MATERIAL FOR THE TASK:
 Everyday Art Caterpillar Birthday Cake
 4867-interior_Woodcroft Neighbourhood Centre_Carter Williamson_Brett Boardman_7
==
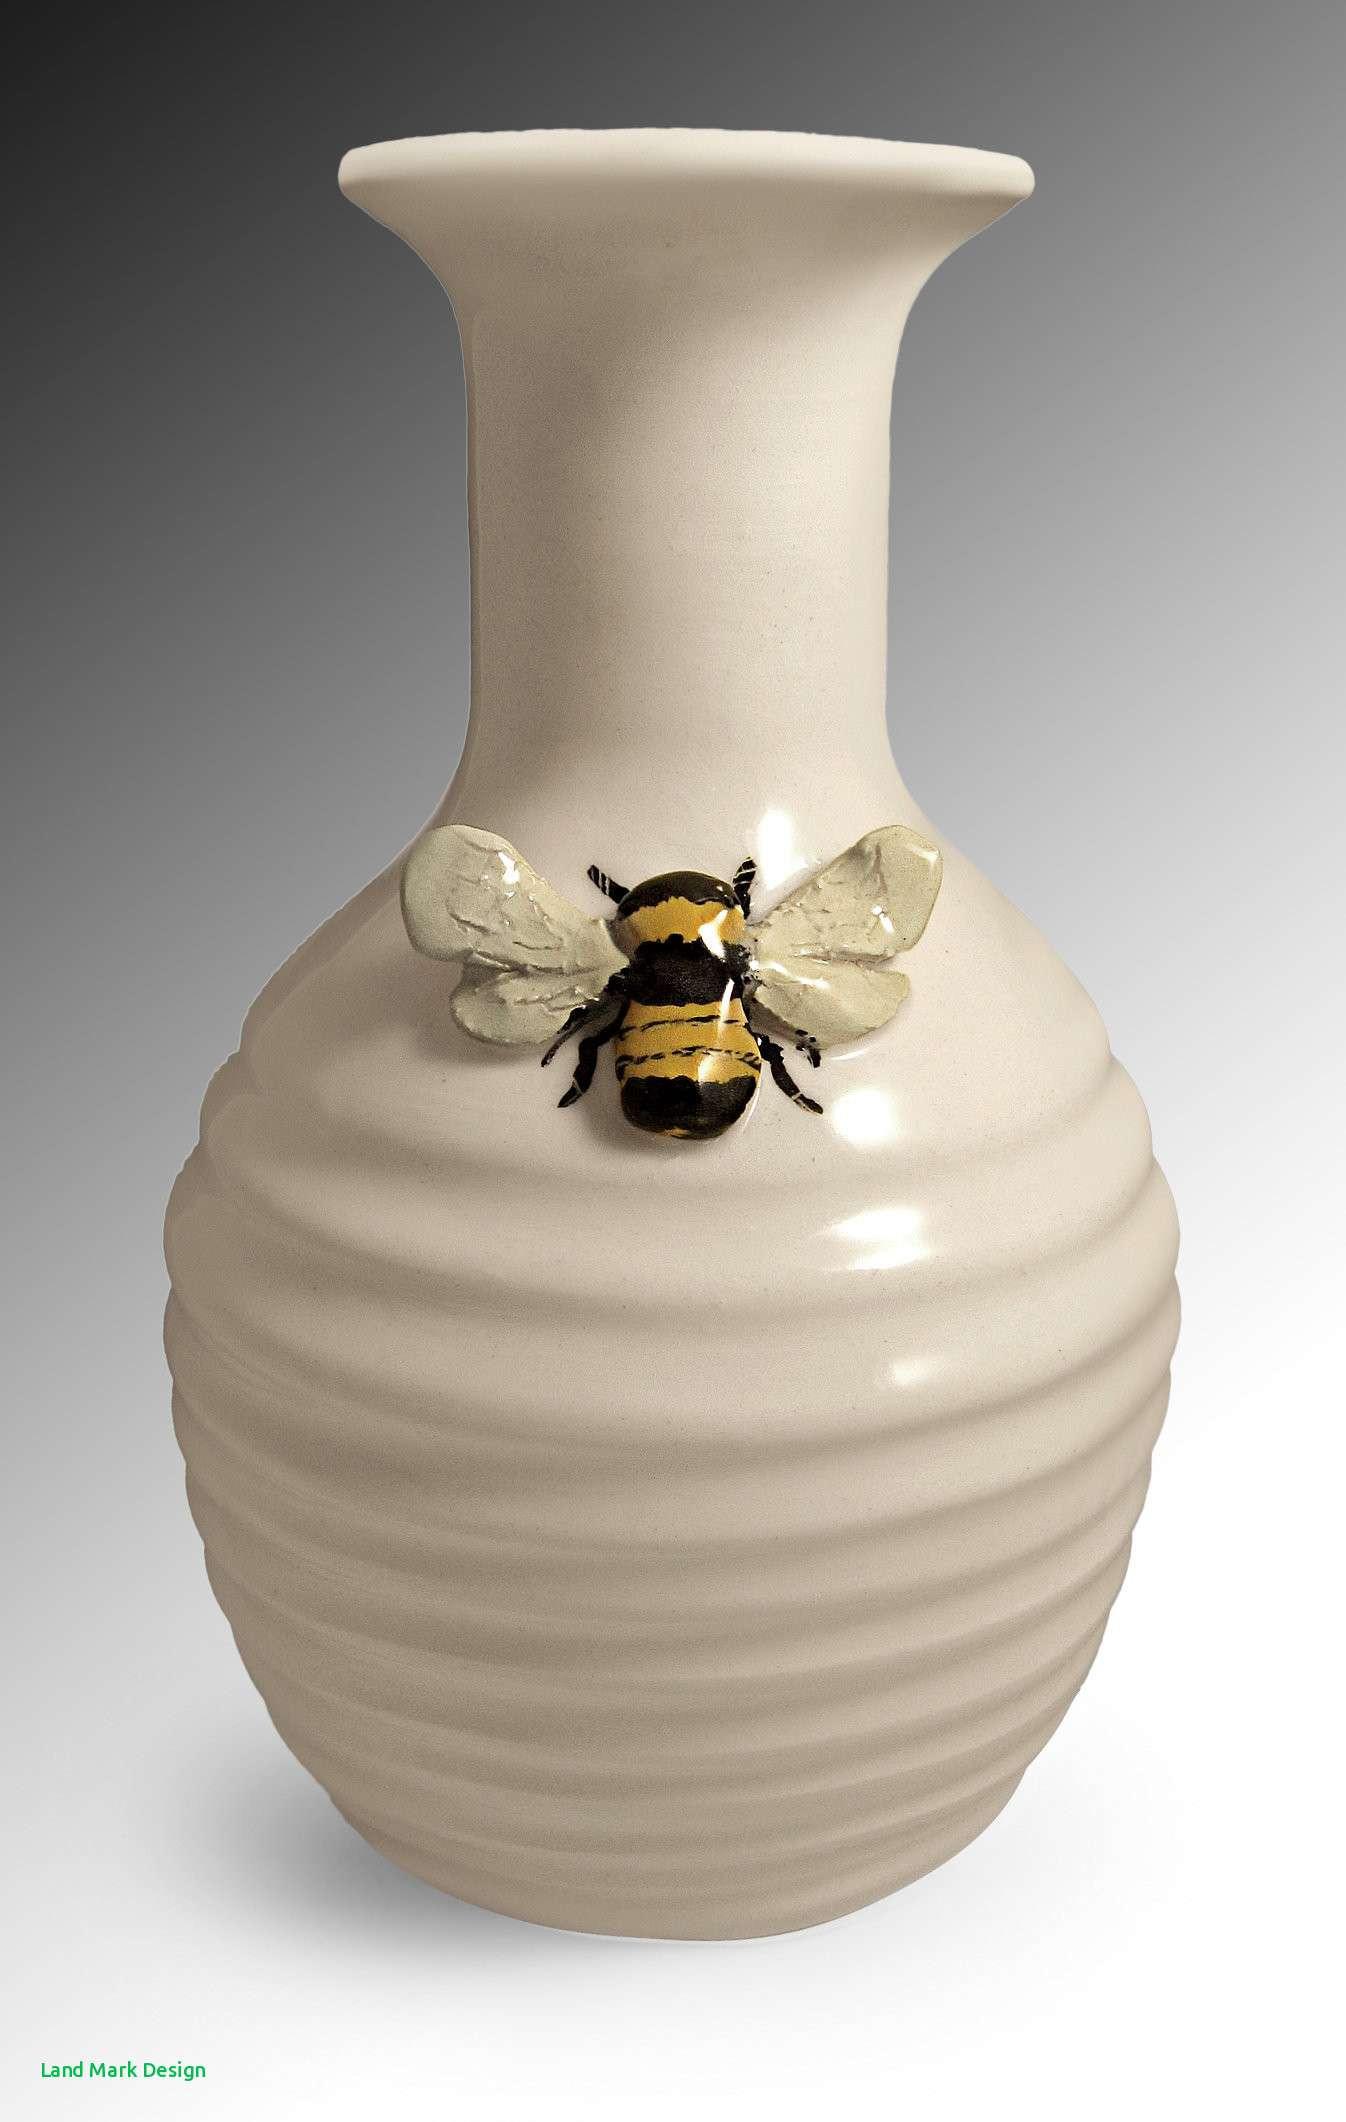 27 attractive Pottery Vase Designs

TASK BRIEF:
Begin with the line above that has "Everyday Art Caterpillar Birthday Cake" and continue through the line that has "4867-interior_Woodcroft Neighbourhood Centre_Carter", setting each one down exactly. Stop there.

EXERCISE SOLUTION:
 Everyday Art Caterpillar Birthday Cake
 4867-interior_Woodcroft Neighbourhood Centre_Carter Williamson_Brett Boardman_7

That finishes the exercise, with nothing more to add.